If this is working correctly the code coverage can be displayed e.g. with codecov as a badge on the repository.
### Database migrations
As during local development your app directory is mounted as a volume inside the container,
you can also run the migrations with `alembic` commands inside the container, and the migration
code will be in your app directory (instead of being only inside the container).
So you can add it to your git repository.
Make sure you create a "revision" of your models and that you "upgrade" your database with that revision every time you
change them.
This is what will update the tables in your database.
Otherwise, your application will have errors.

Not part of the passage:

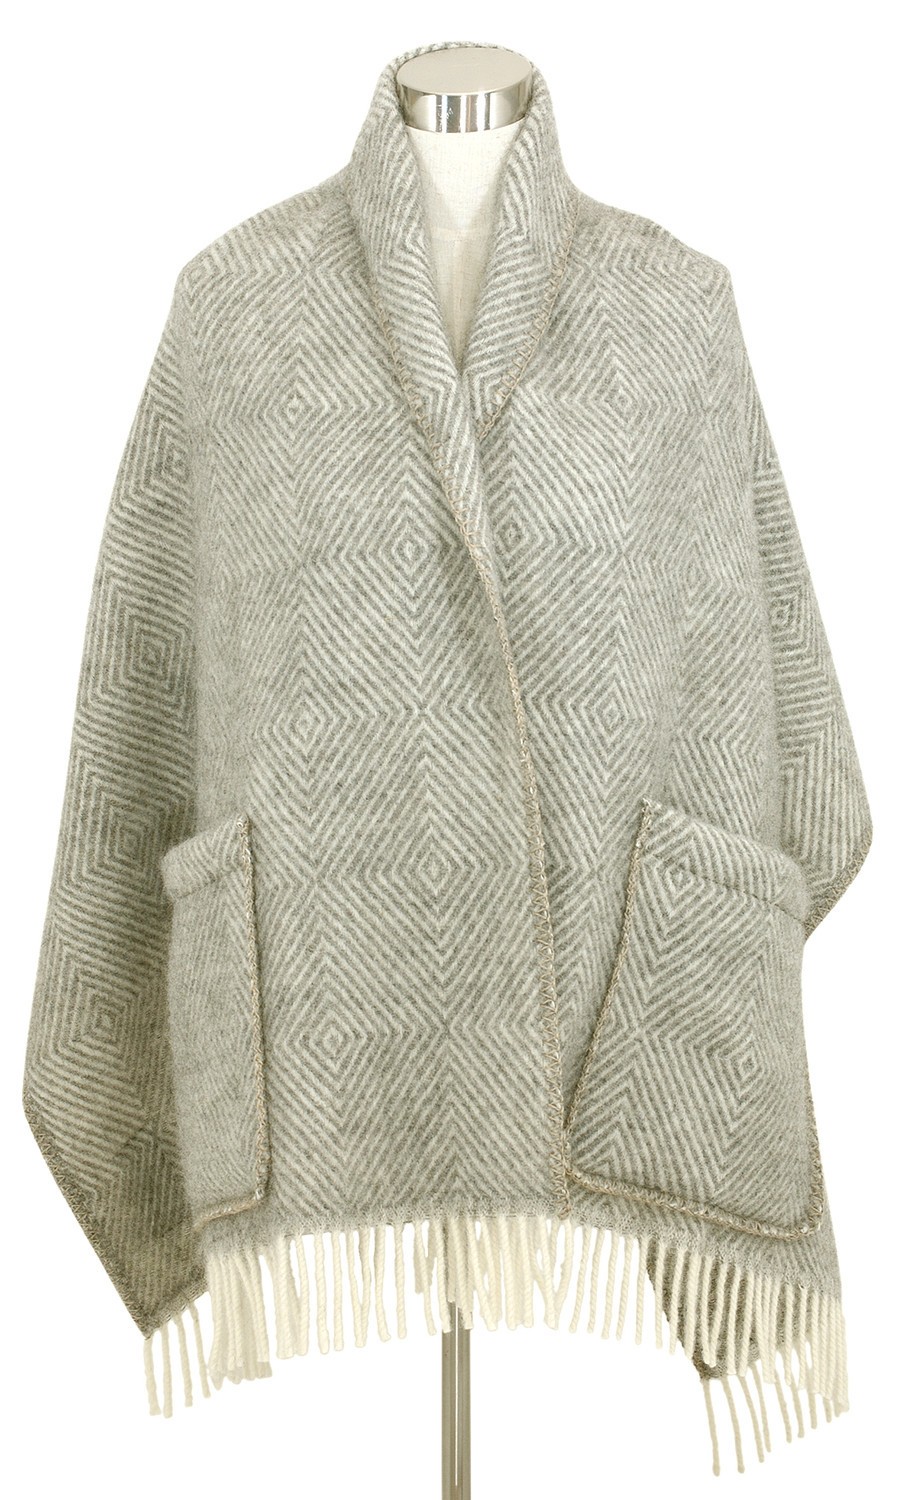 芬蘭Lapuan Kankurit MARIA 羊毛口袋披肩 (淺灰條紋)

* Start an interactive session in the backend container:
```console
$ docker exec -it dap-api-reload bash
```
* If you created a new model in `./app/app/models/`, make sure to import it in `./app/app/db/import_models.py`,
that imports all the models that will be used by Alembic.
* After changing a model (for example, adding a column) inside the container, create a revision, e.g.:
```console
$ alembic revision --autogenerate -m "Add column last_name to User model"
```
* Commit to the git repository the files generated in the alembic directory.
* After creating the revision, run the migration in the database (this is what will actually change the database):
```console
$ alembic upgrade head
```
If you don't want to start with the default models and want to remove them / modify them, from the beginning,
without having any previous revision, you can remove the revision files (`.py` Python files) under `./backend/app/alembic/versions/`.
Then create a first migration as described above.
See Readme in alembic for further information.